Raw MS data were searched against the mouse National Center for Biotechnology Information (NCBI) Refseq protein database (updated on 2013/07/01, 29764 entries) by the software Thermo Proteome Discoverer 2.1 using Mascot 2.3. The mass tolerances were 20 ppm for precursor and 50 mmu for product ions for Q Exactive HF. The search engine set Acetyl(Protein N-term), oxidation(M), Phospho(ST), Phospho(Y) as variable modifications. Trypsin digestion of up to two missed cleavages was allowed. The peptide identifications were accepted at a false discovery rate (FDR) of 1%. Using a label-free approach, a unique peptide was used to represent the absolute abundance of a particular peptide across the sample.

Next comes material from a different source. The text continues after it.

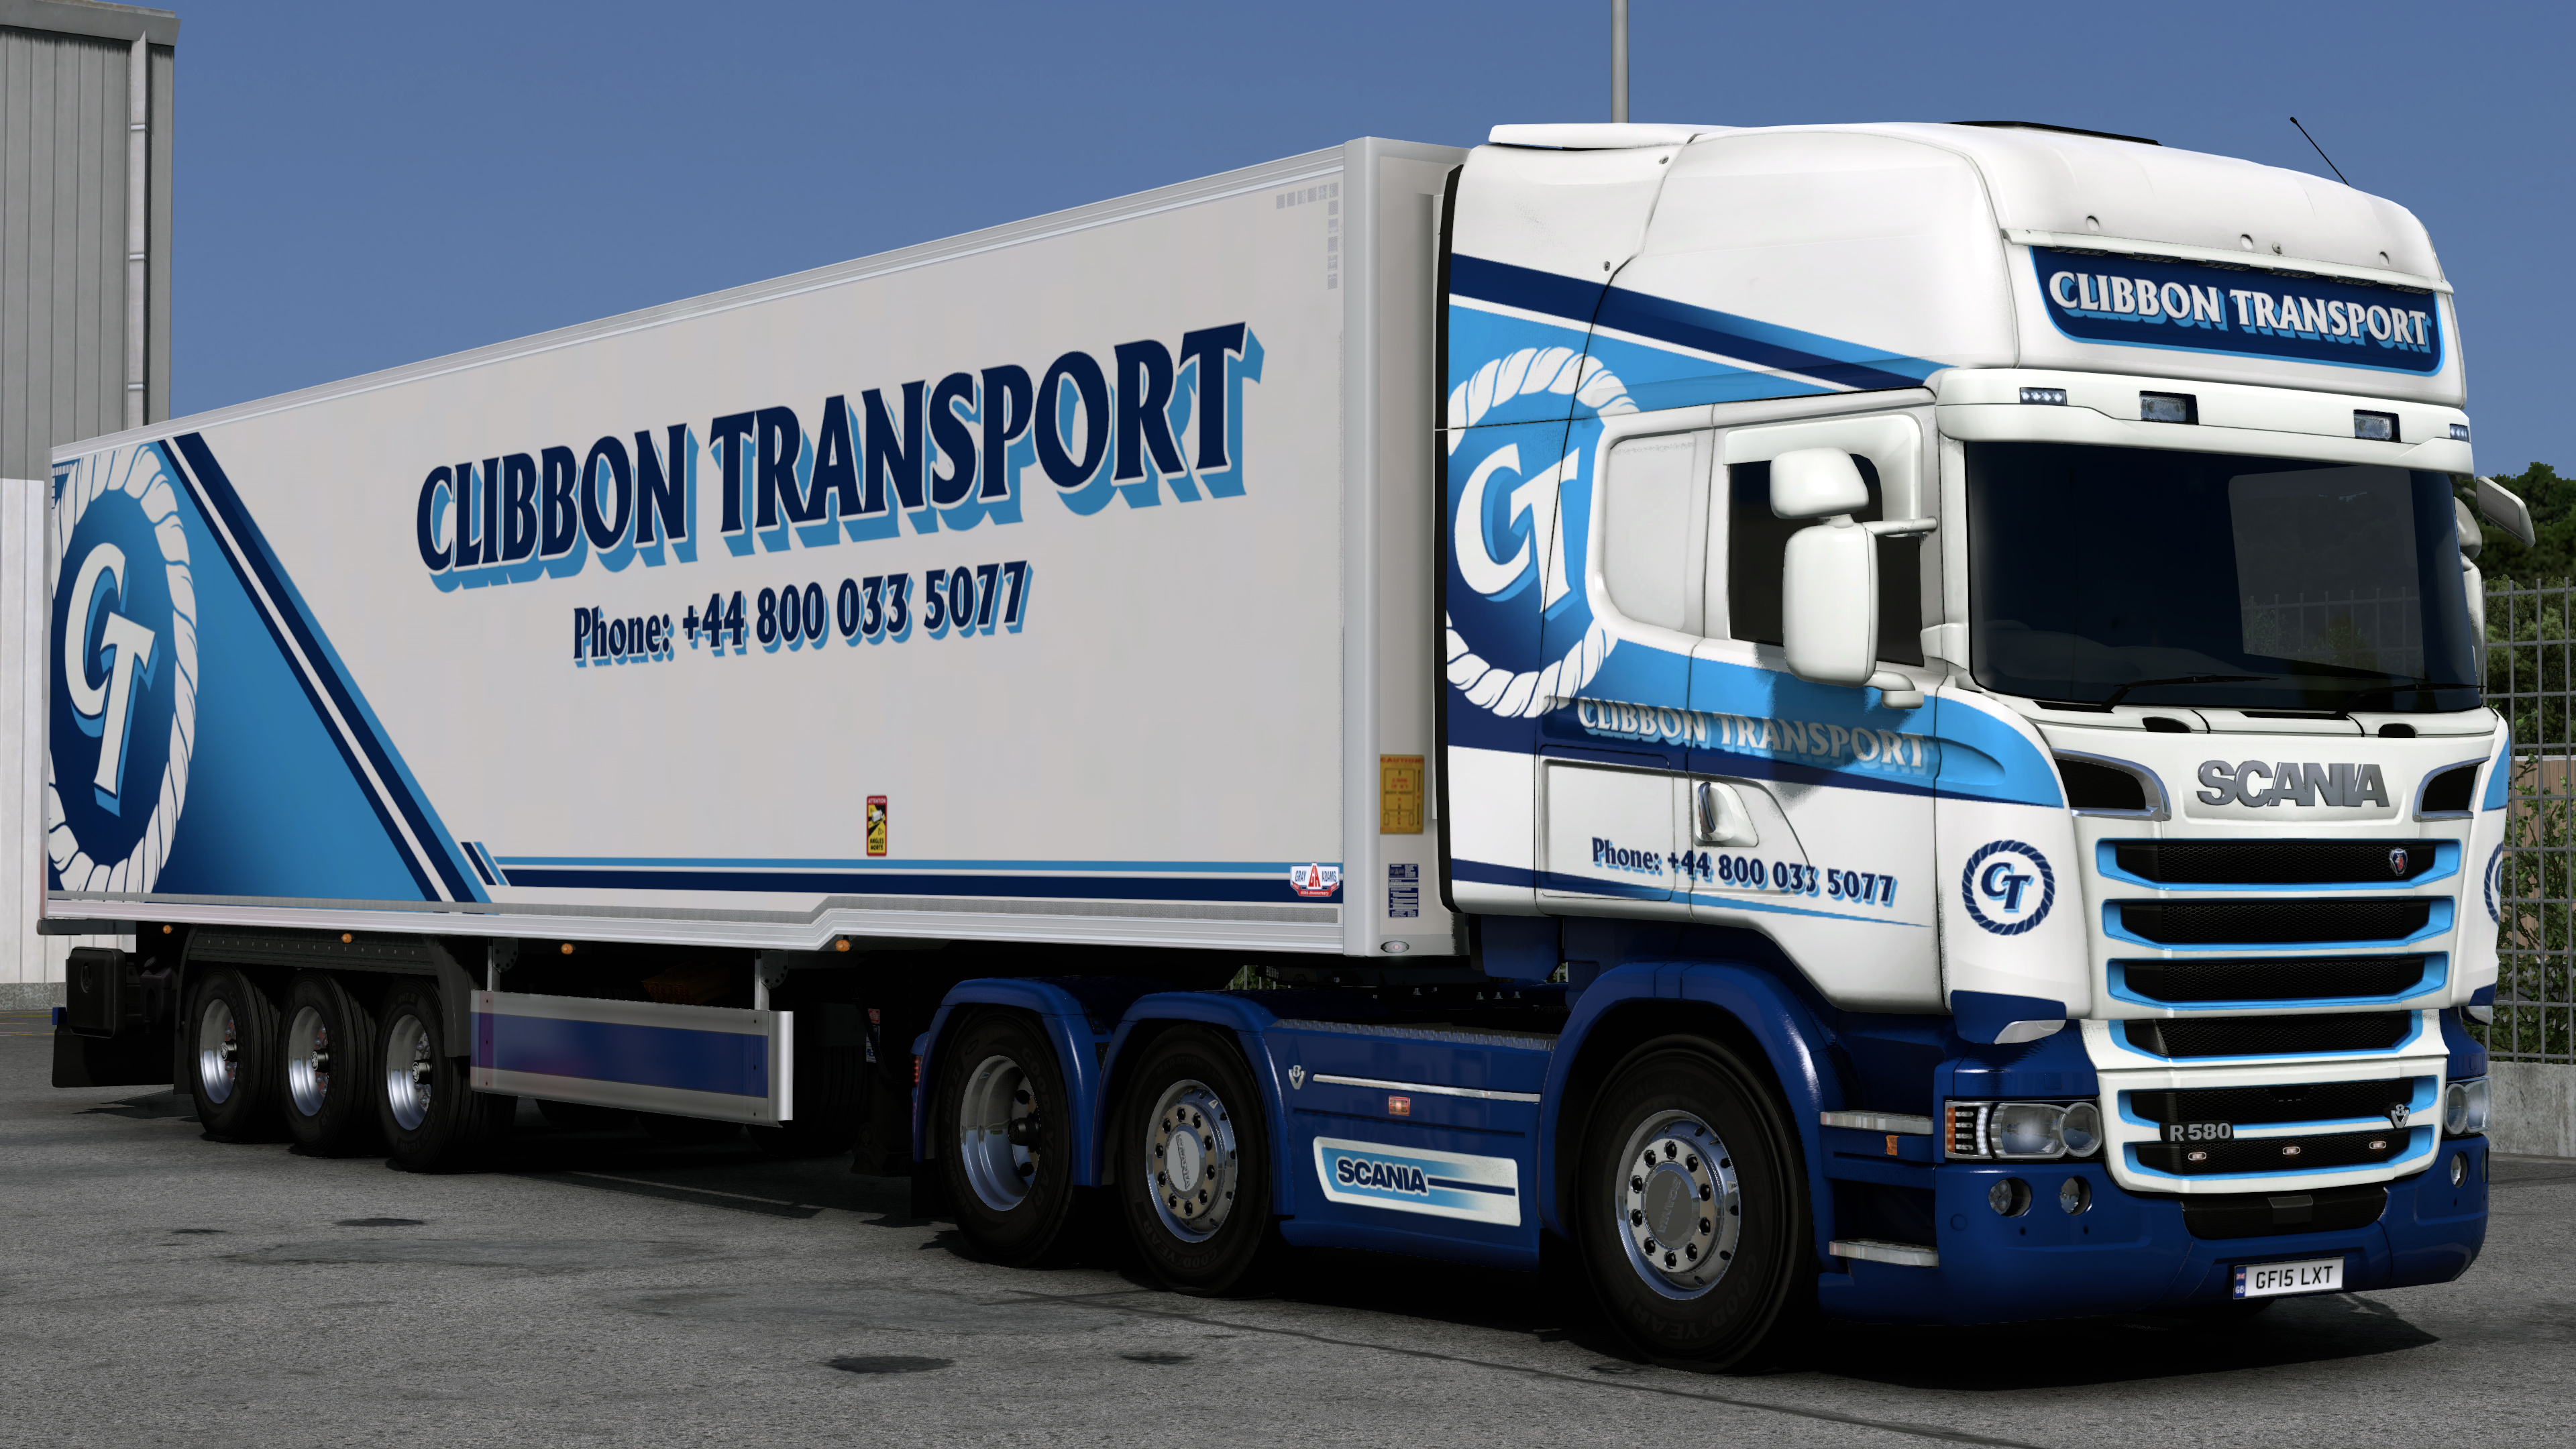 Clibbon Transport

For the proteomic data analysis, quantile normalization was applied to eliminate batch effect, and missing values were imputed using the minimum value observed in the dataset. The differentially expressed proteins were defined with the following these criteria: an increase by more than two-fold or decrease by more than 50%. For Gene Set Enrichment Analysis (GSEA) analysis, Gene Ontology (GO) analysis was conducted by GSEApy (version 0.10.5) Python package to evaluate the enriched GO terms. The association of proteins with GO terms was derived from the DAVID database. For Gene Set Enrichment Analysis (GSEA), the ranking metric used was the fold change, and significantly enriched GO terms were filtered with a cutoff P-value of 0.05.

Statistical analysis

Data are presented as mean ±SD. GraphPad Prism Software (version 6.0, GraphPad Software, San Diego, CA, USA) was used for statistical analysis and plot graphs. The ROUT test was used to identify outliers. The Brown-Forsythe test was used to evaluate the equal variances of the data. D’Agonstino-Pearson omnibus normality test was performed to test the normality of the data. If the data pass the normality test and equal variance test, t-test, the parametric one-way ANOVA (Tukey multiple comparisons test), or two-way ANOVA (Newman-Keuls multiple comparisons test) was used. If not, nonparametric test (Dunn’s multiple comparisons test) was used. Chi-square test was also used to assess the differences in categorical data distributions. P<0.05 was considered statistically significant.

Author contributions

W.P.Z. and C.T. designed the study and wrote the manuscript. C.C., T.Y.G., H.W.Y., Y.Z., T.Y., T.W., and T.F.W. conducted the experiments. Y.B.L. and W.P.Z. analyzed the data at mouse and cellular level. T.T.L. analyzed the proteomic data. C.T. analyzed the data at protein level.

Acknowledgements

This study was supported by the National Key R&D Program of China (2023YFF1200007) to C.T. and W.P.Z., and (2021YFF1200900) to T.T.L., the National Natural Science Foundation of China (92353304) to C.T. and (32070666) to T.T.L.

Data availability

All data needed to evaluate the conclusions in the paper are present in the paper and/or the Supplementary Materials.